[Start of Attachment]

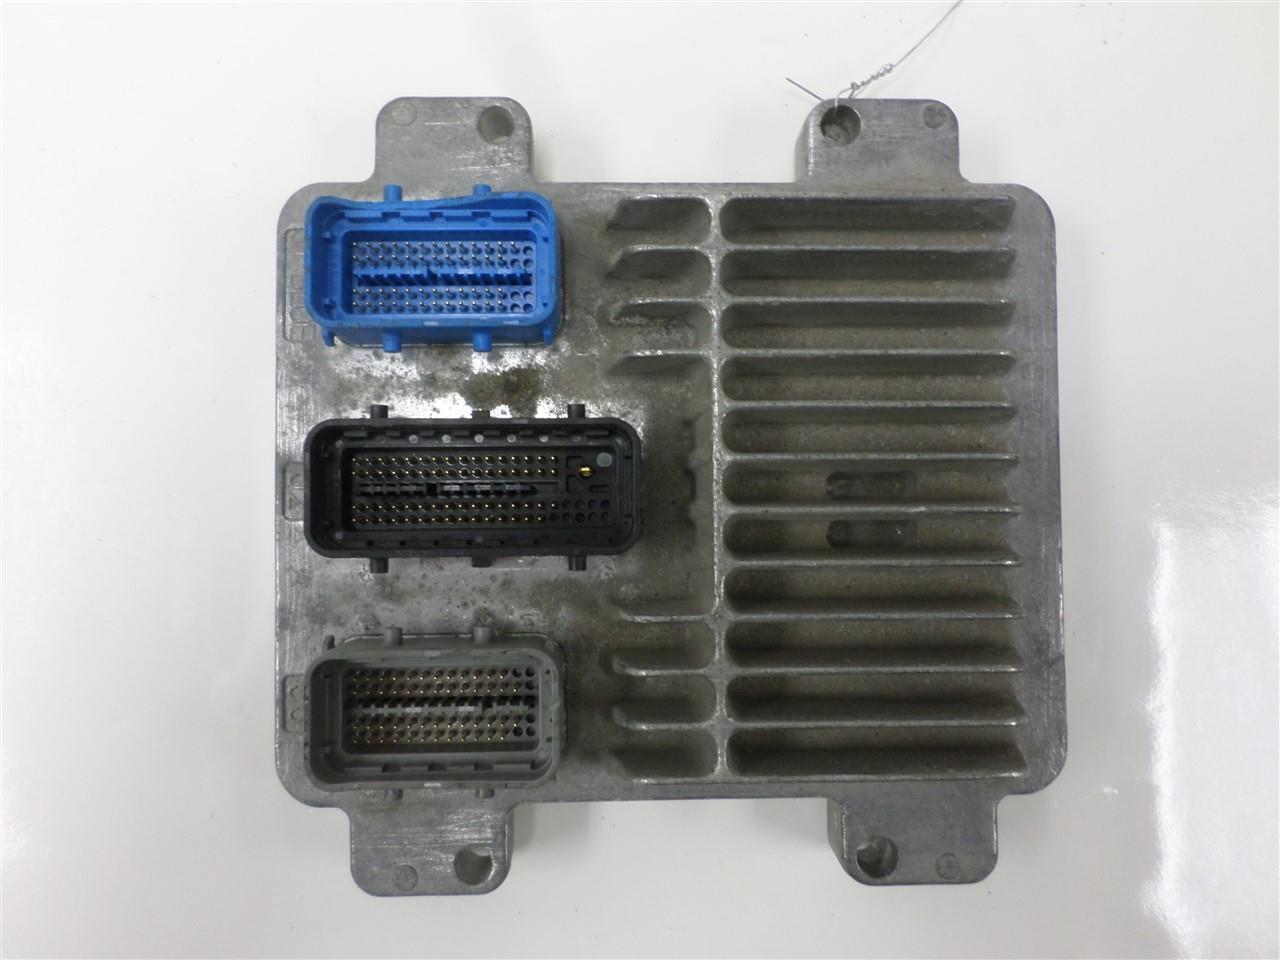 No 2004 Pontiac Grand Prix Engine Computer Serv 12581501 Programmed to your VIN ECM PCM ECU
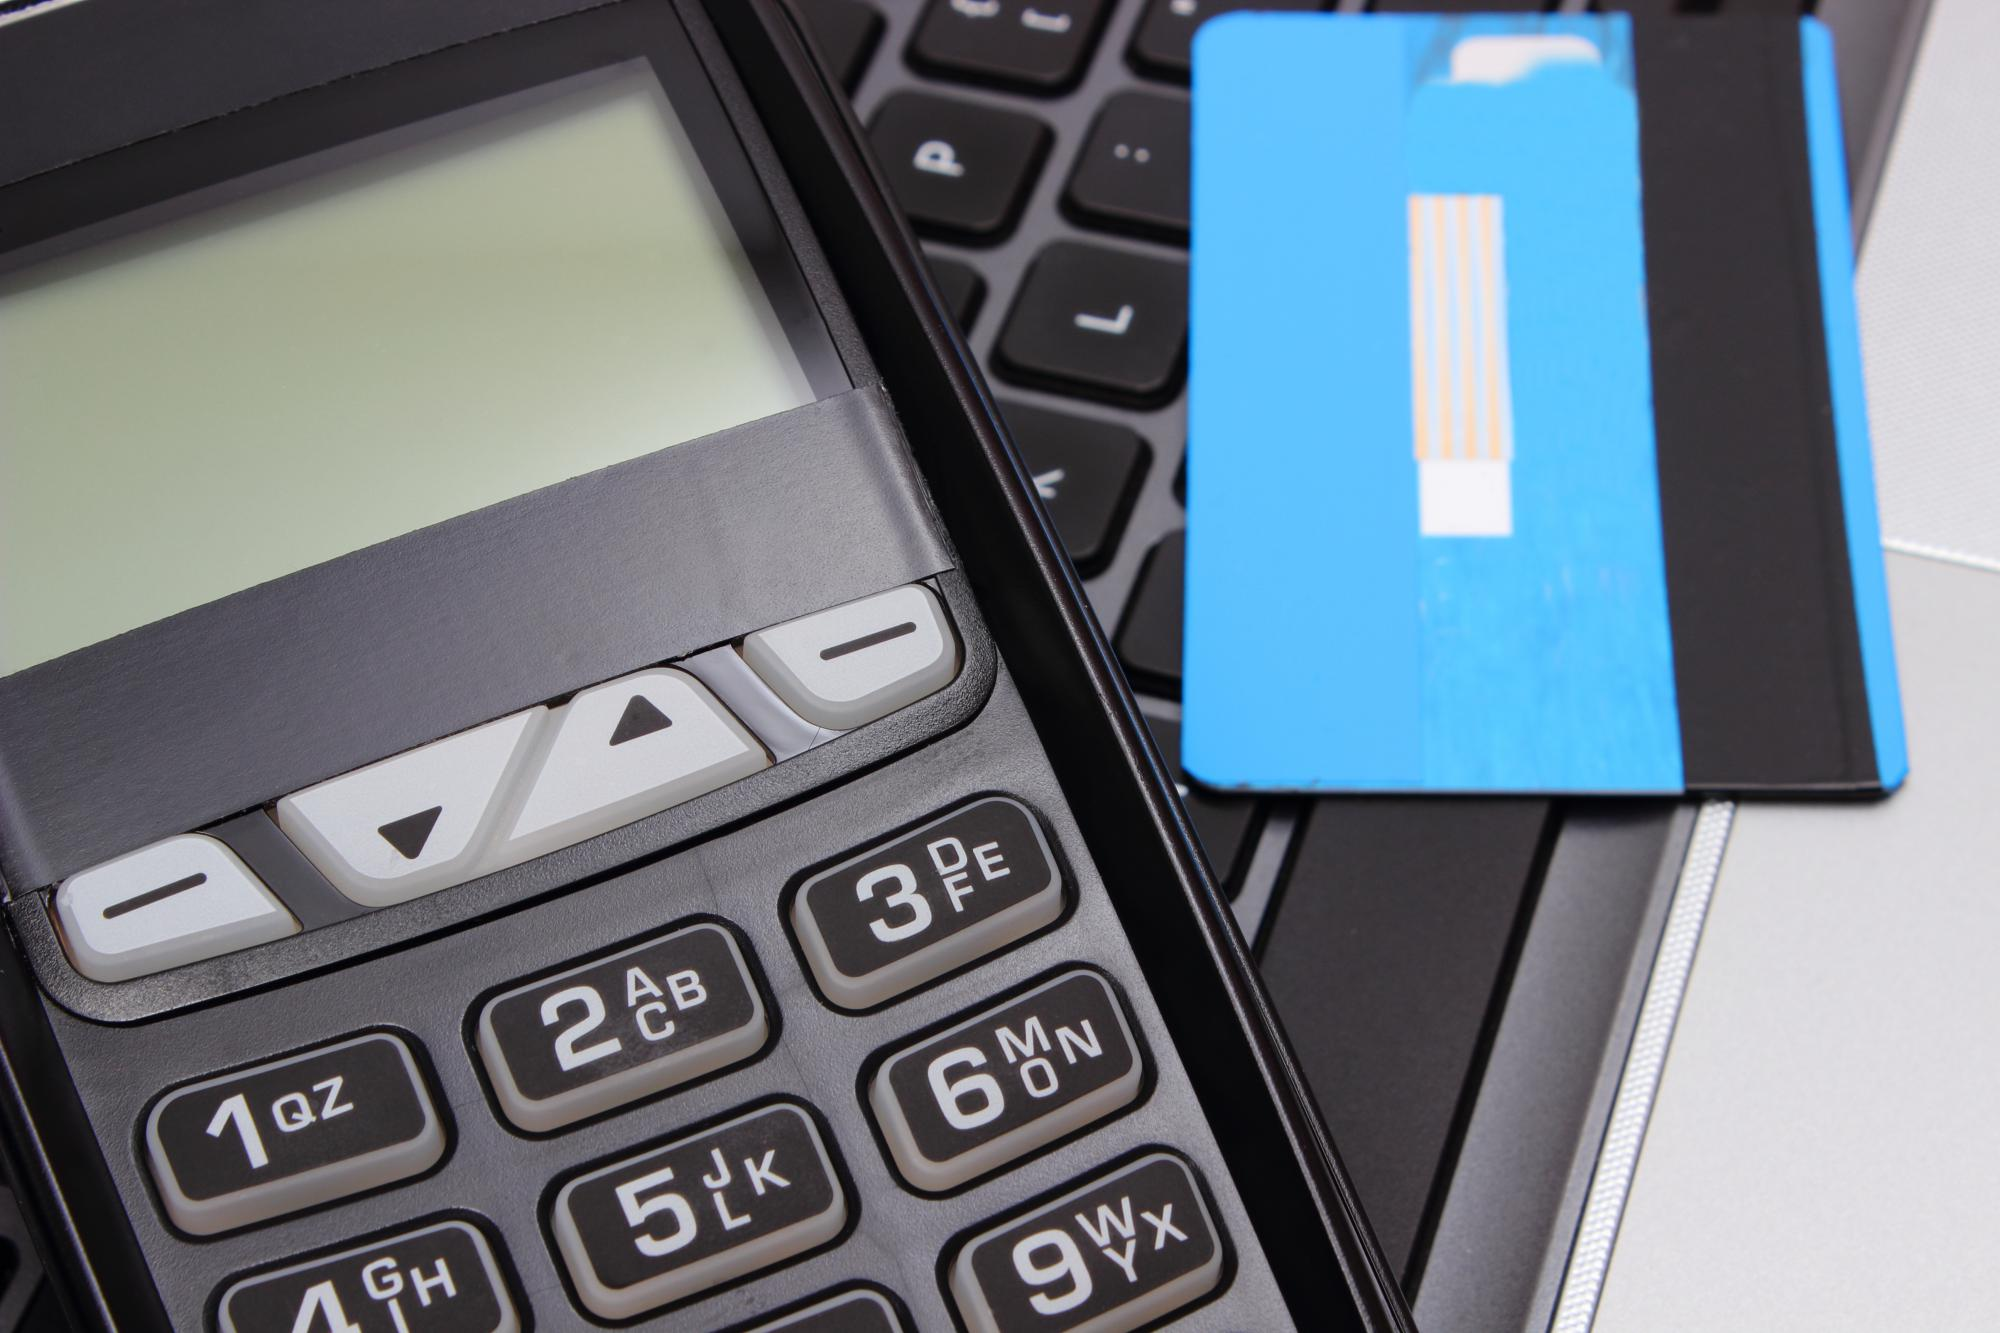 Комиссия за обслуживание зарплатных карт не облагается НДФЛ
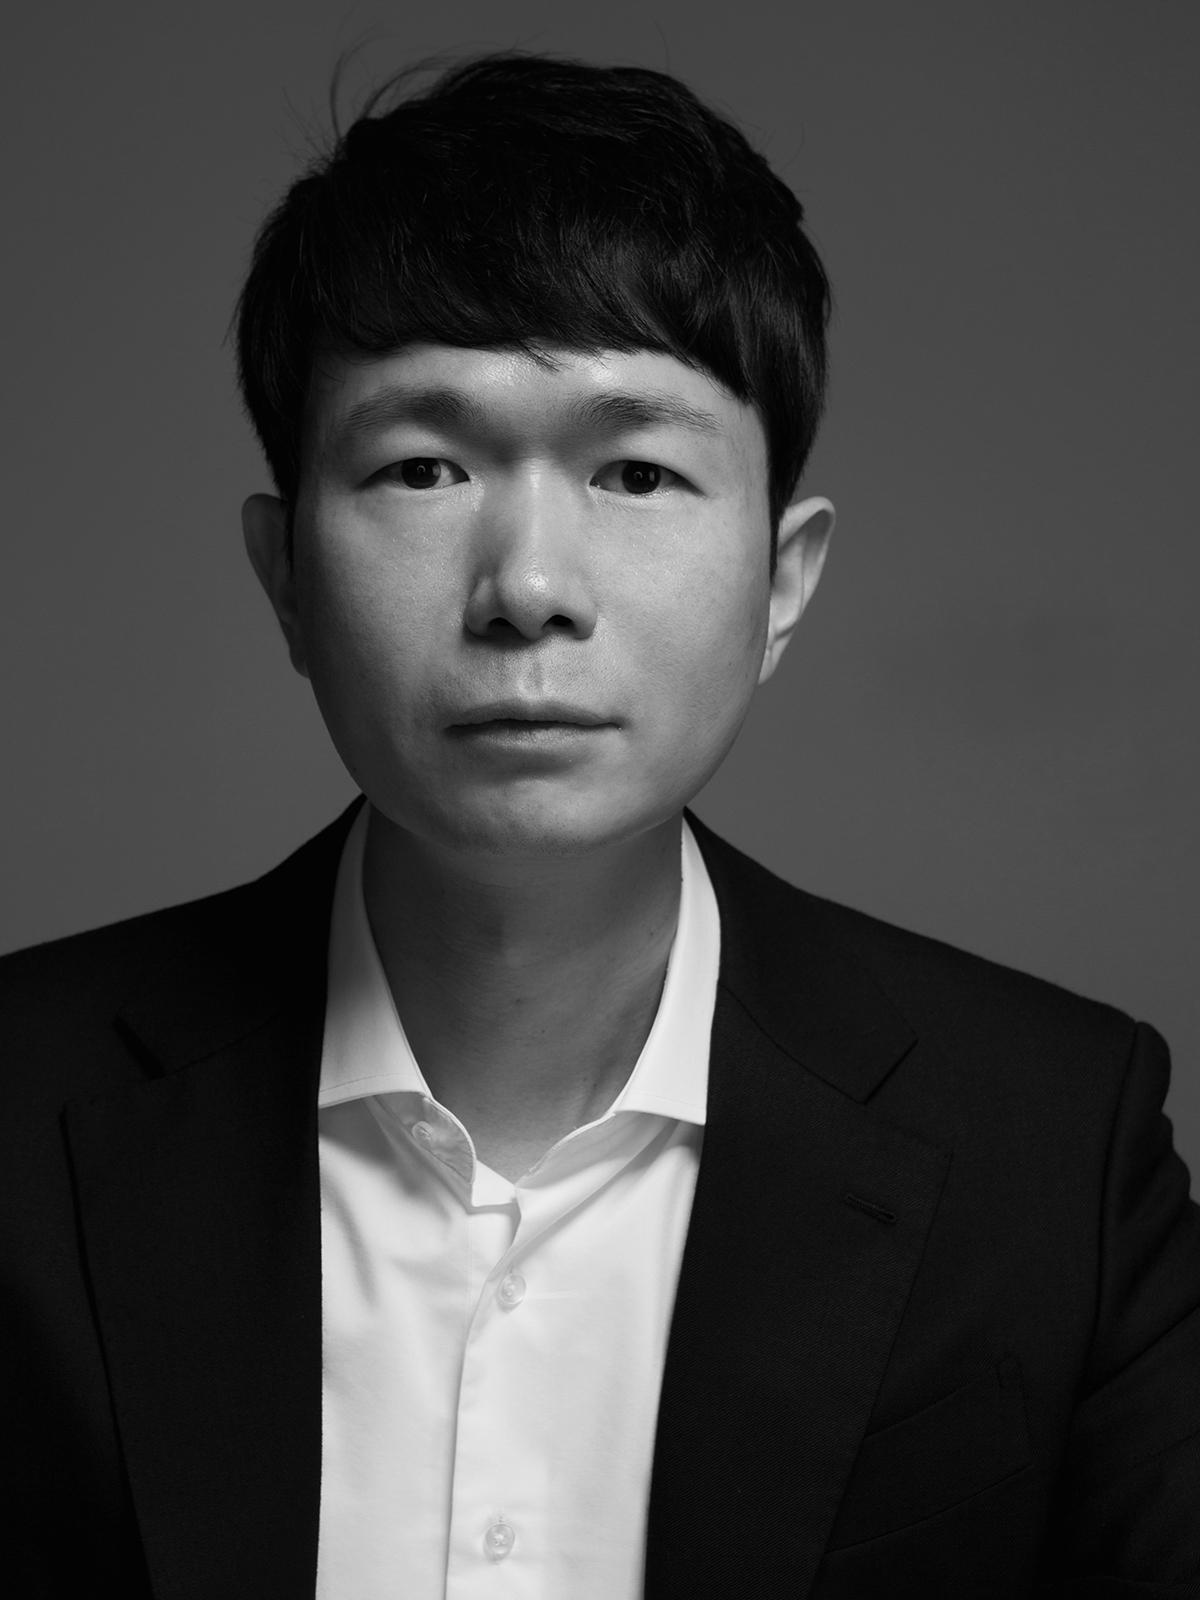 김현대 프로필 사진

[End of Attachment]

▶ Work task
Omit the pictures, then print the rest of the listing above exactly.

▶ Written solution
 No 2004 Pontiac Grand Prix Engine Computer Serv 12581501 Programmed to your VIN ECM PCM ECU
 Комиссия за обслуживание зарплатных карт не облагается НДФЛ
 김현대 프로필 사진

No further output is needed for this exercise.